With a situation that, beyond numbers susceptible, as always, to be changed even profoundly by the weather in the coming weeks, once again imposes reflections on the future of Italian viticulture, which must start again from a deep knowledge of the territory, as pointed out by Diego Tomasi, Crea researcher and director of the Consorzio di Tutela del Conegliano Valdobbiadene Prosecco Docg, who spoke on behalf of the system of the Consorzi di Tutela in the Veneto region: “everyone is focusing on the lack of water and water stress, stressing the importance of being able to irrigate. But water is not the most important element, or at least it is not enough, because as we have seen, in many situations the thermal stress brought by high temperatures has overridden the water issue. It is no coincidence that in Sicily and the South in general, we are experimenting with roofing systems to limit exposure to the sun’s rays when necessary. But we also need to work on agronomic practices. For example, the fact that, because of the great heat and little water, there has not been much vegetative activity of the plant until now, in its own way has helped the vine to resist, and this should make us think, for example, about spring fertilization, which is perhaps no longer indicated. Because if there had been a vegetative boom for a few rains and then a situation like we are experiencing today, the problems from water stress would be much more pronounced. Then it is clear that water is an issue, and there is work to be done not only to get it to where it does not arrive, but also to conserve it better, restoring even small reservoirs and springs that may perhaps serve even for a single irrigation, but that can be lifesaving for a year. In short, we need an integrated strategy”, Tomasi said, “that starts from a deep knowledge of the territory, which is not only vineyard, but landscape, biodiversity, soil and ecosystem”.
Looking at grape harvest estimates, however, with an eye on neighboring countries that have experienced more or less the same dynamics as Italy, such as Spain, where production, according to data provided by journalist Jorge Jaramillo, will stand at best at 36.5 million hectoliters, markedly down on 2021 and the country’s average, and like France, where according to data reported by Gabriele Castelli (Federvini) production will be between 42.6 and 45.6 million hectoliters, as WineNews has already reported, the situation differs from region to region.

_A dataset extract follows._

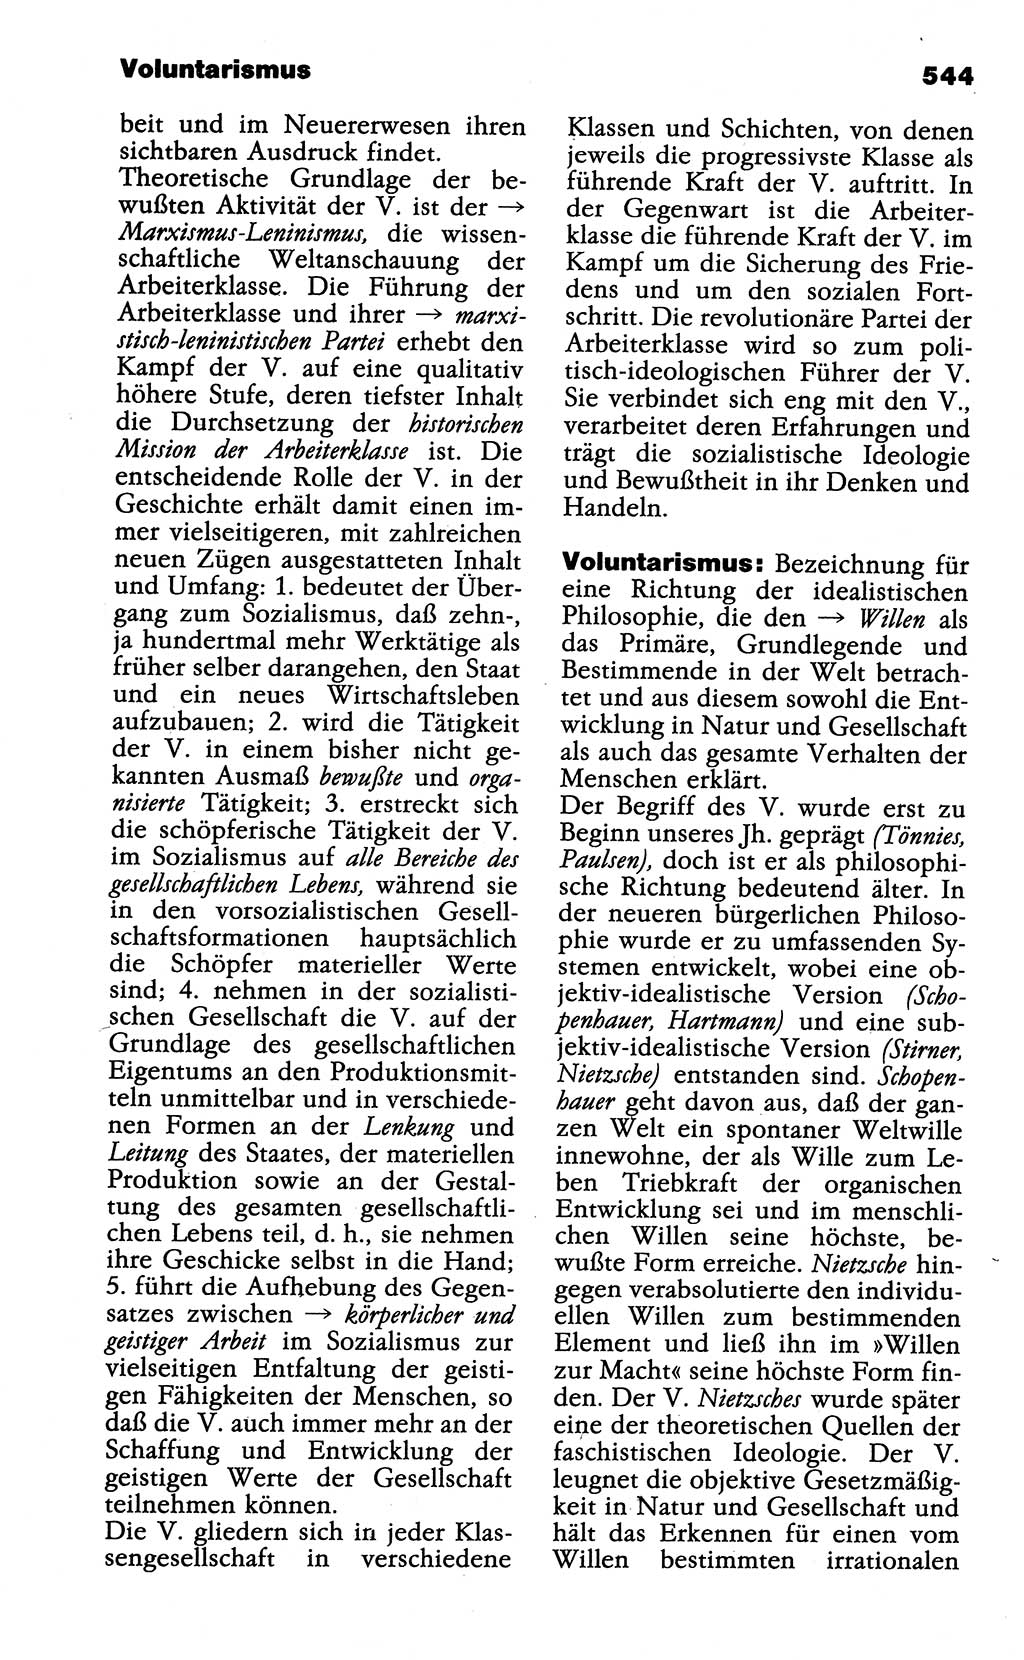 Wörterbuch der marxistisch-leninistischen Philosophie [Deutsche Demokratische Republik (DDR)] 1985, Seite 544 (Wb. ML Phil. DDR 1985, S. 544)

In Veneto, where, as explained by Fransceso Rech of Arpav, there have been several consecutive months with very little rainfall, between -40% and -80% on average, and a summer with above-average temperatures of more than 2 degrees Celsius, in general, according to the sentiment reported by Patrick Marcuzzo (Crea-Ve Conegliano), grape quality is expected to be good for white varieties, and some are leaning toward excellent for red ones, especially from Valpolicella and Bardolino. On an overall level, said Veneto Region Agriculture Councillor Federico Caner, the regional production decline is expected to be around -10% over 2021. In a complex territory, quantitative estimates of grape production have been divided by province. And if in general the declines will be more pronounced in the hills on the plain, they range from -8% on 2021 for that of Verona, which means mainly Valpolicella and Soave, to -7% for that of Treviso, where Prosecco dominates, passing through -8% for that of Venice, while the Padua area (+5%) and that of Vicenza (+7%) are in countertrend. As of today, the harvest is scheduled to start between August 26 and 29 for Pinot and Chardonnay for sparkling wine bases (although in some areas of Vicenza and Padua the harvest began immediately after Ferragosto). This will be followed by the harvest of all other varieties: Glera (Prosecco) from Sept. 10, Merlot from Sept. 13, Corvina from Sept. 16, Garganega from Sept. 19, just to name a few of the main grape varieties from Veneto. Estimates are also downward in Friuli-Venezia Giulia (-10% on 2021), while the grape harvest in Trentino Alto Adige is expected to grow, with +9% in the province of Bolzano, and +5% in the province of Trento (with whites such as Chardonnay and Muller Thurgau decreasing, and reds such as Teroldego increasing).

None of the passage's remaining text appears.